Below, find the line containing "D. José silver" and the line containing "Mark of the"; reproduce exactly those two and every line between them, omitting pictures.

» GIVEN DATA
━━━━━━━━━━━━━━━━━━━━

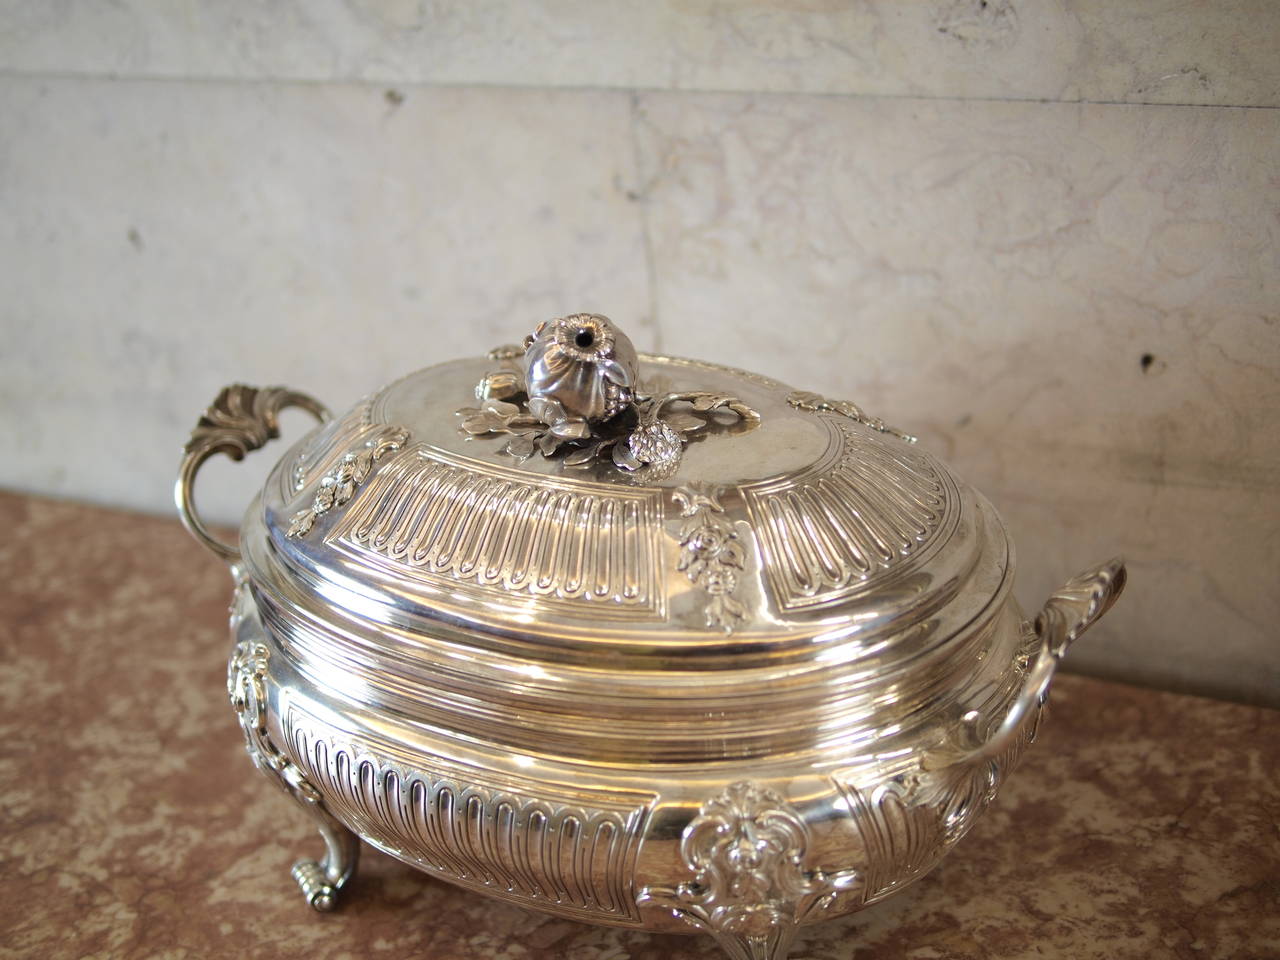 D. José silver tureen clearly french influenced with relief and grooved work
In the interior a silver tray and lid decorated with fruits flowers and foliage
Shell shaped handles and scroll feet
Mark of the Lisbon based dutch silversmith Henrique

━━━━━━━━━━━━━━━━━━━━

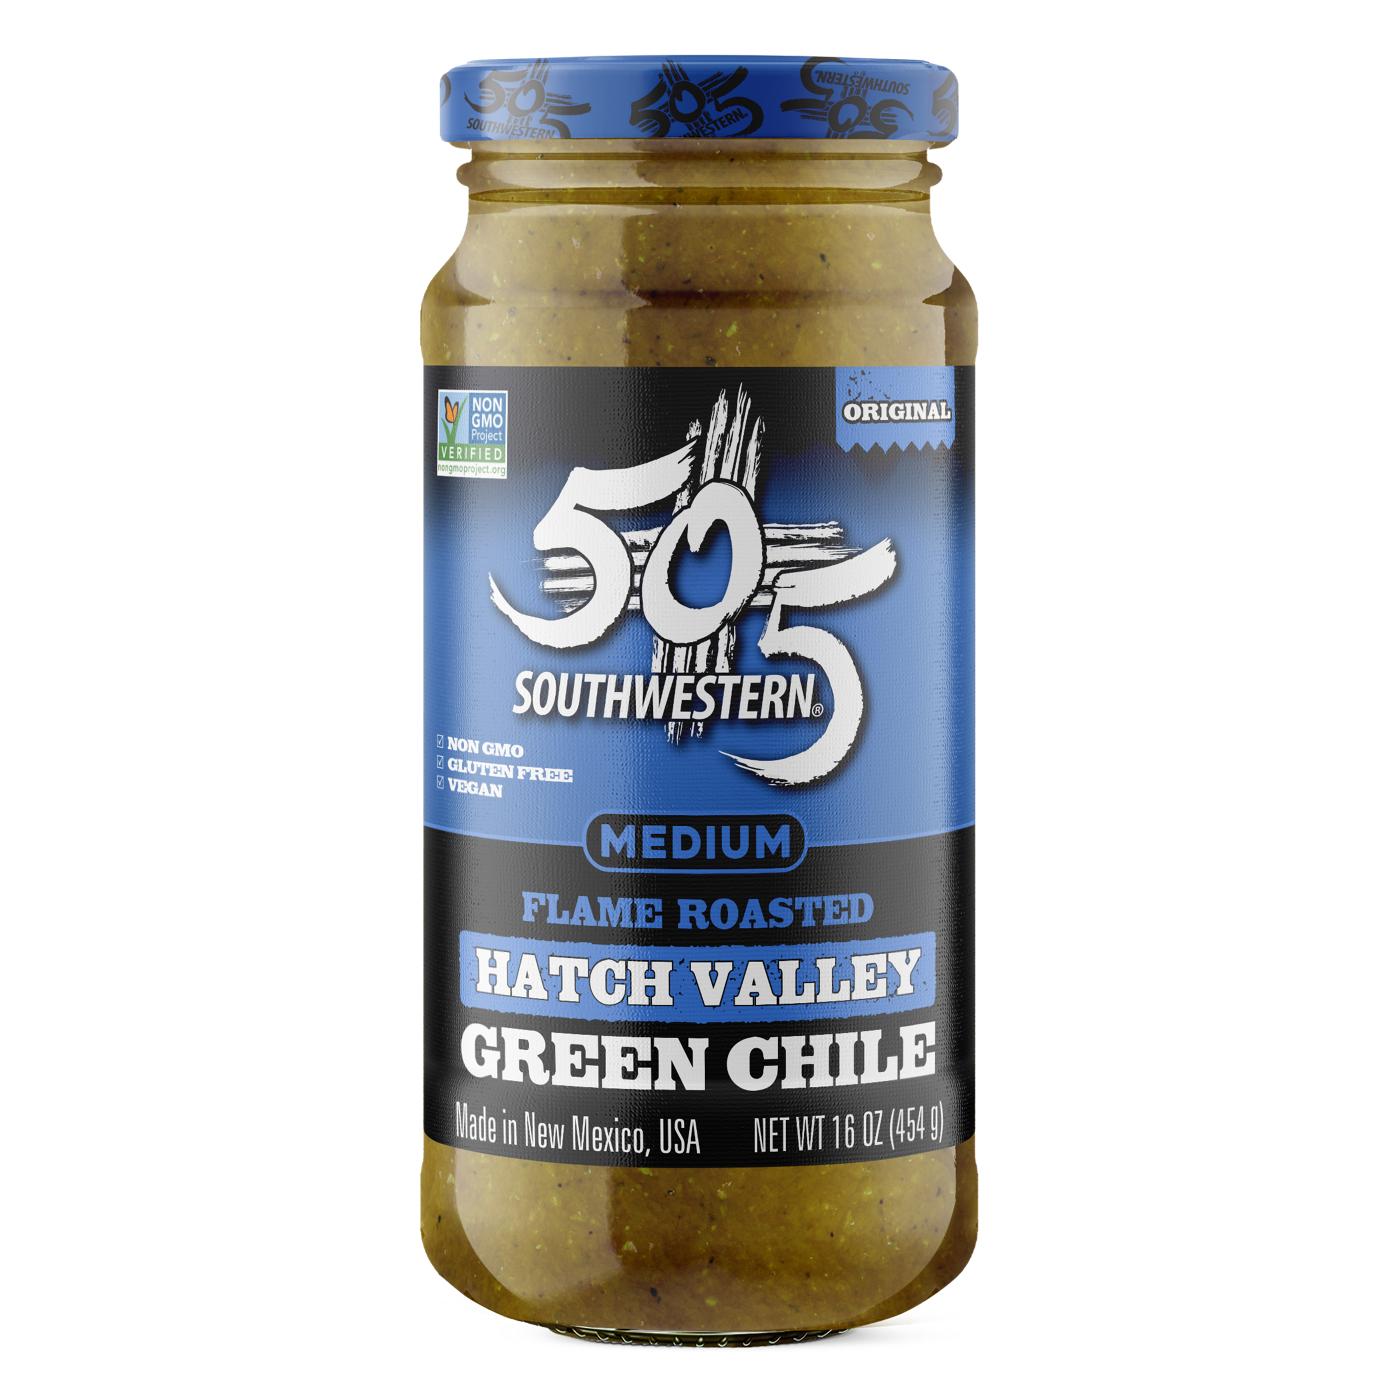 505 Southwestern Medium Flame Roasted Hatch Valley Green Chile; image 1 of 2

━━━━━━━━━━━━━━━━━━━━

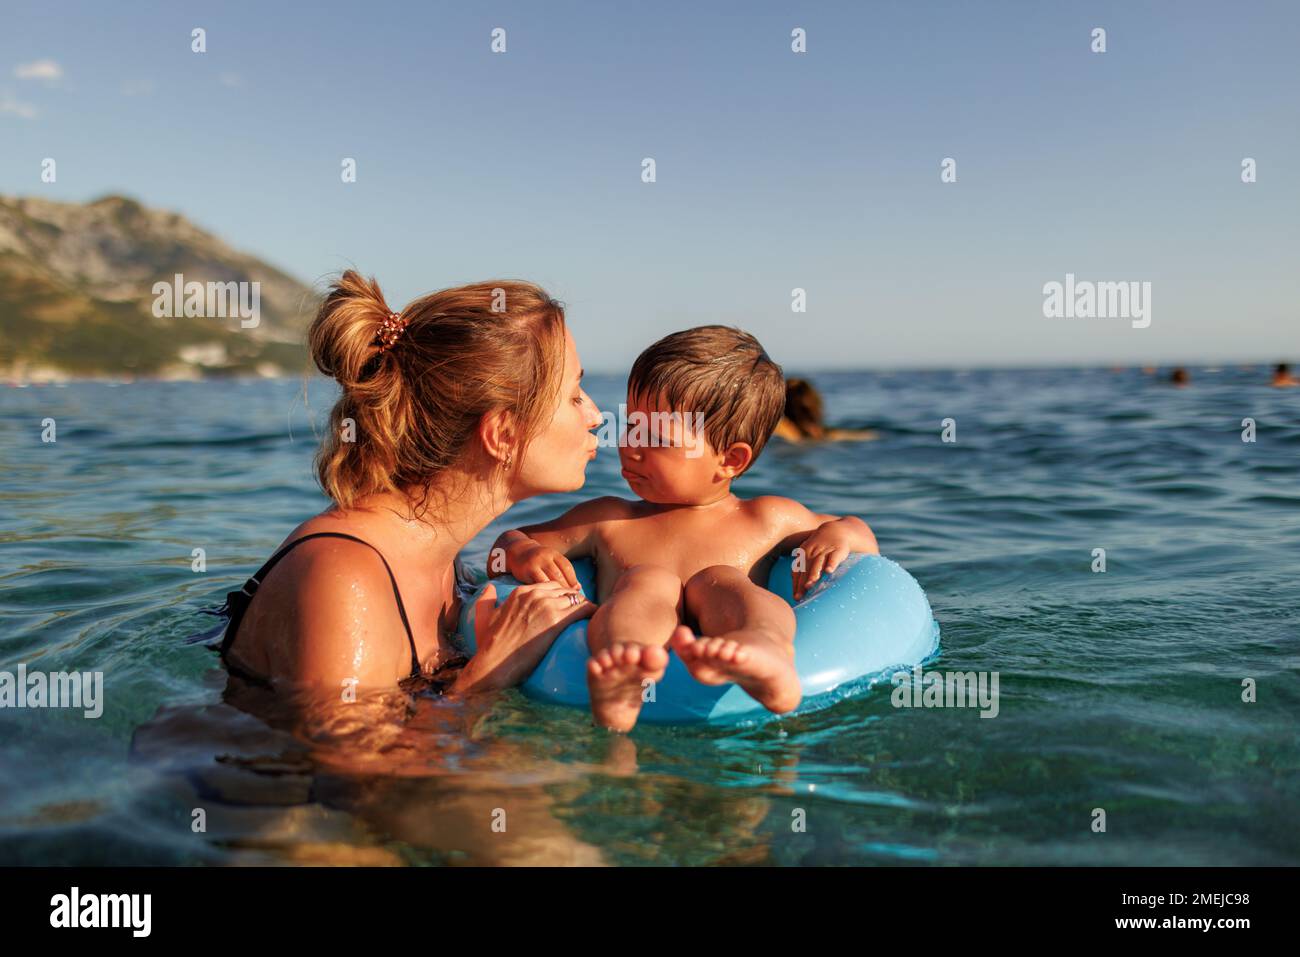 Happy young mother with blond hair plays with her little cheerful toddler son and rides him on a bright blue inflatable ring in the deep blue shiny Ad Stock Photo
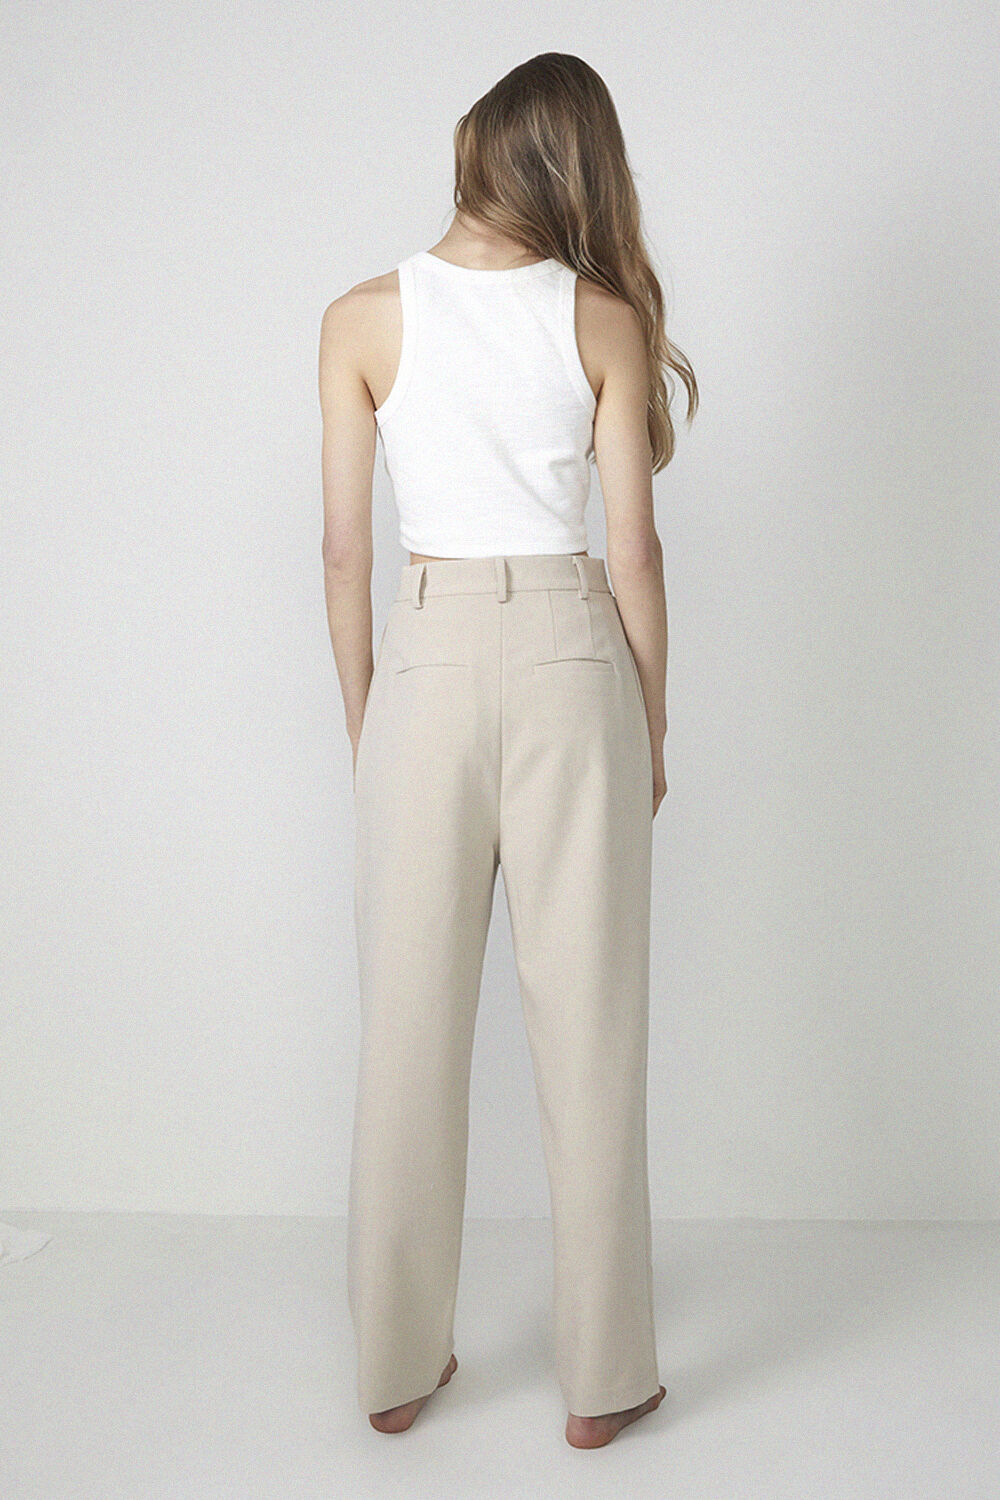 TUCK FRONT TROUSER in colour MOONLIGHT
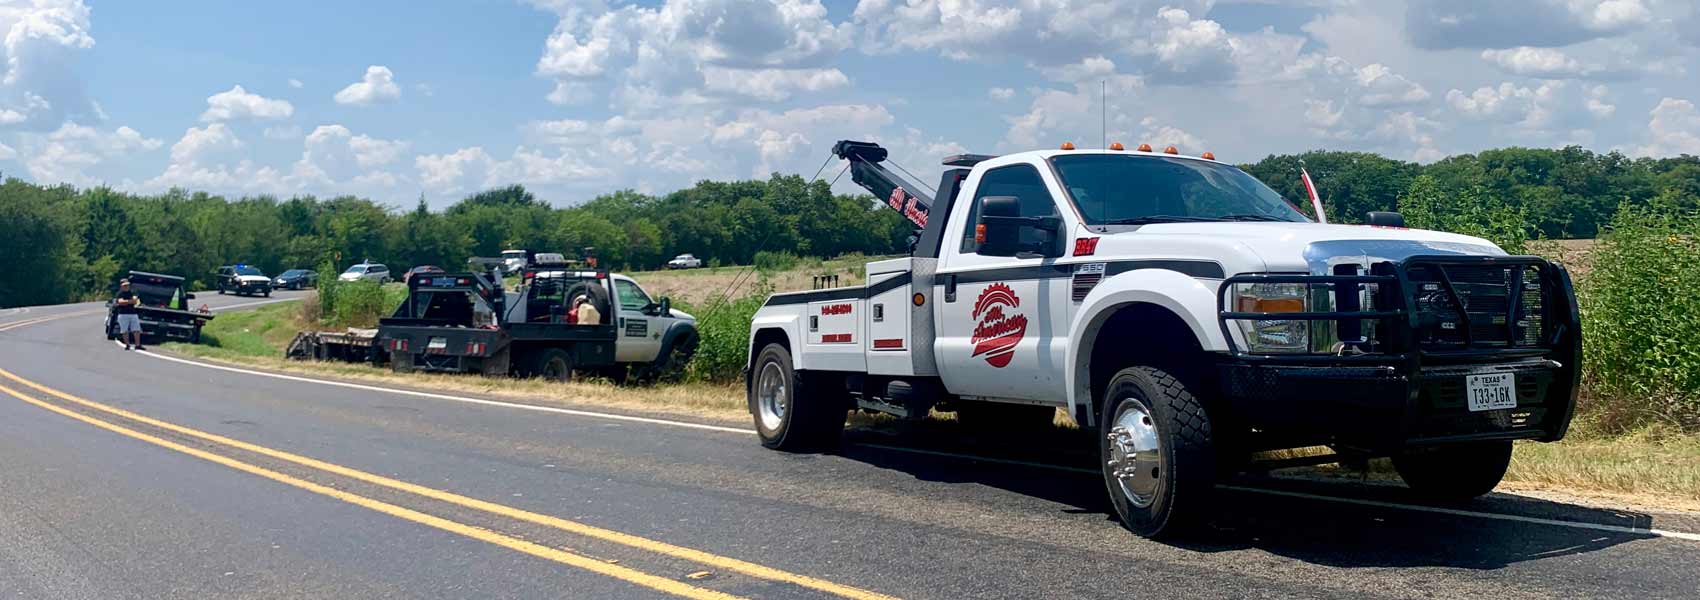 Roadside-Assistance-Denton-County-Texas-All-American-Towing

━━━━━━━━━━━━━━━━━━━━

» RESPONSE BELOW
 D. José silver tureen clearly french influenced with relief and grooved work
In the interior a silver tray and lid decorated with fruits flowers and foliage
Shell shaped handles and scroll feet
Mark of the Lisbon based dutch silversmith Henrique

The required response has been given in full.